Just then a woman answered the phone Trainor was holding to his ear. He presumed it was a nurse in the emergency room.
“This is Agent Trainor at the White House,” he said. “The president is en route to the emergency room.”
“Has he been shot?”
“I’m not sure,” Trainor said. “I don’t think so. Three other people may have been wounded and are also en route. Tell every doctor to get to the emergency room. And please make sure a stretcher is ready at the entrance.”
* * *
AS THE MOTORCADE neared GW, Drew Unrue asked Jerry Parr if they should head the wrong way around the traffic circle in front of the hospital to save time. “No, go around the circle,” Parr said. He didn’t want to risk crashing into oncoming traffic.

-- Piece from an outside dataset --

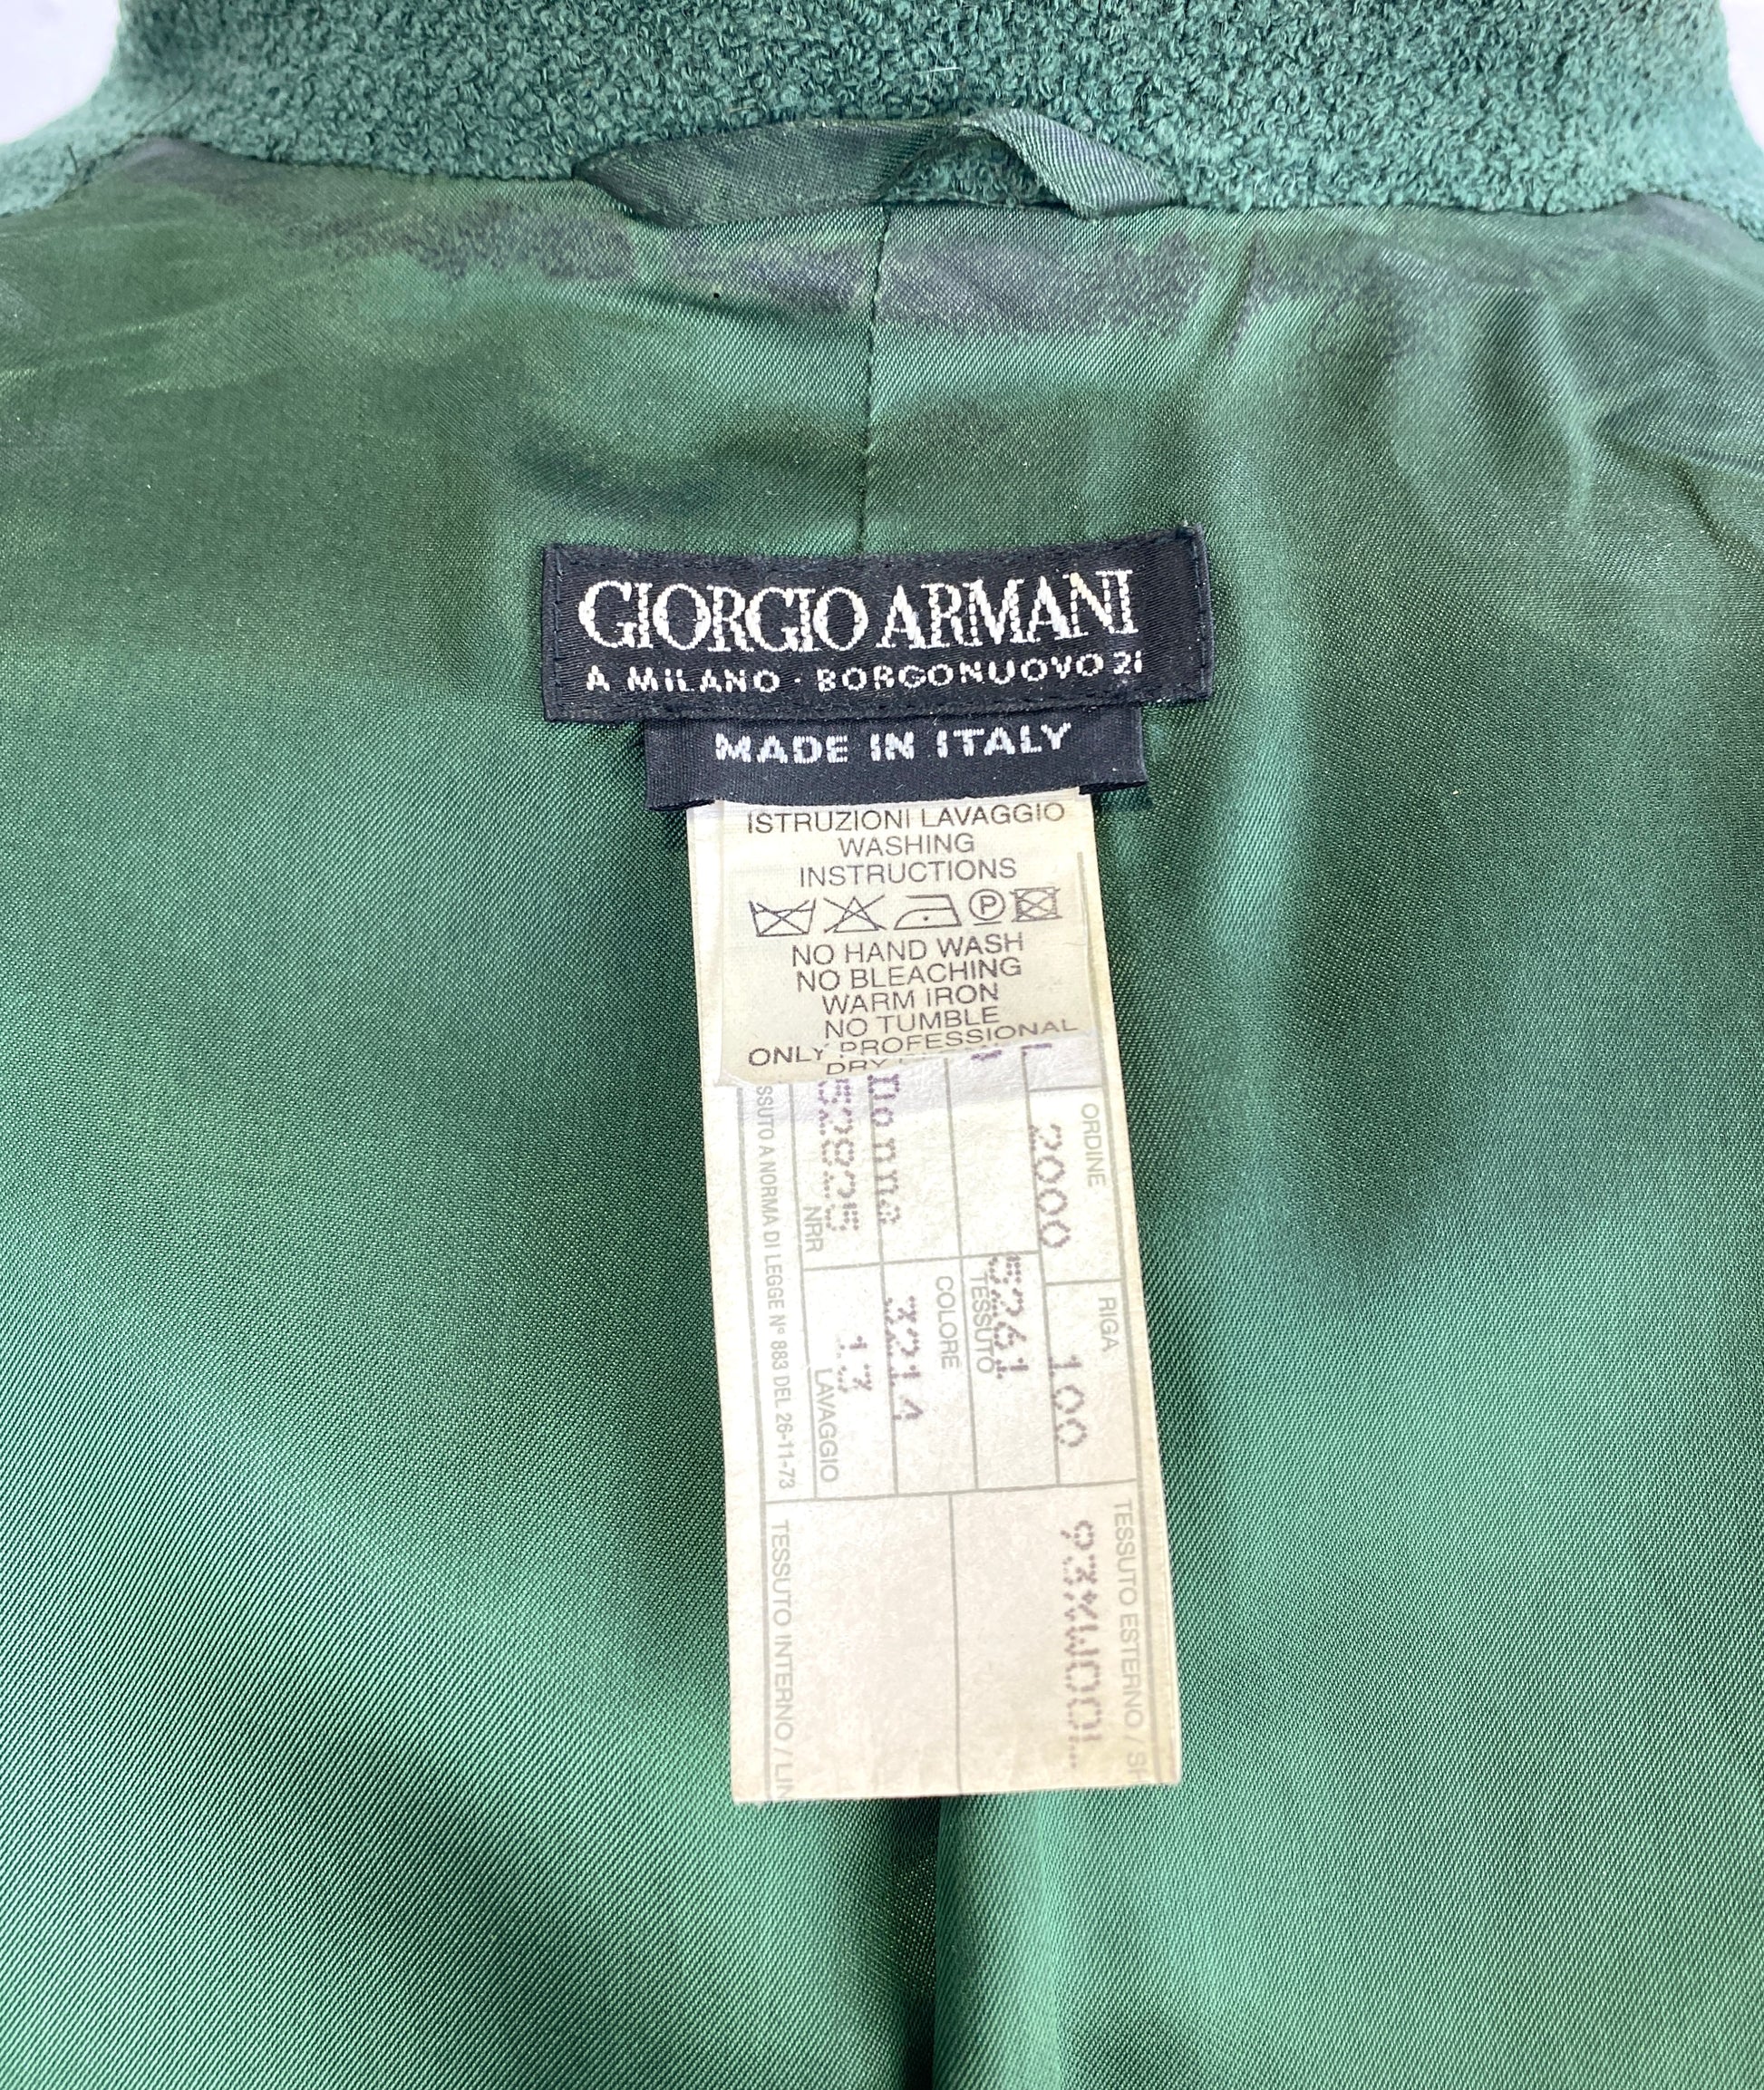 Vintage 1990s Green Bouclé Wool Giorgio Armani Blazer, B39"

Tires squealing, the Lincoln sped around the circle and jerked to a stop in front of the emergency room doors, its right side facing the hospital entrance.
Parr looked out the window. No one was waiting for them.
The two agents with Uzis jumped from the running boards of the follow-up car, and Ray Shaddick leaped from its passenger seat. Shaddick opened the back right door of the presidential limousine; Parr slipped past the president and got out first, then put his hand out for the president. Reagan shook his head, as if to say “I can do it myself.”
I guess he wants to be a cowboy, Parr thought, momentarily reassured that the president seemed to be strong enough to get out of the limousine under his own power.
Mary Ann Gordon and Dan Ruge emerged from the spare limousine, and a moment later Mike Deaver, David Fischer, and the military aide got out of the control car. They all moved quickly toward the president’s limousine.
Reagan climbed out of the Lincoln and stood up. He steadied himself and hitched up his pants, a reflex that Deaver and Fischer had seen hundreds of times.
So far, so good, thought Deaver.
Fischer felt less sanguine: he thought Reagan looked sick and gray. But Fischer could see that his boss was determined to walk unaided through the ER doors.
Parr took a position to the president’s left, Shaddick to his right. Others stood nearby while an agent went ahead to run interference and scout for trouble in the hospital’s hallway.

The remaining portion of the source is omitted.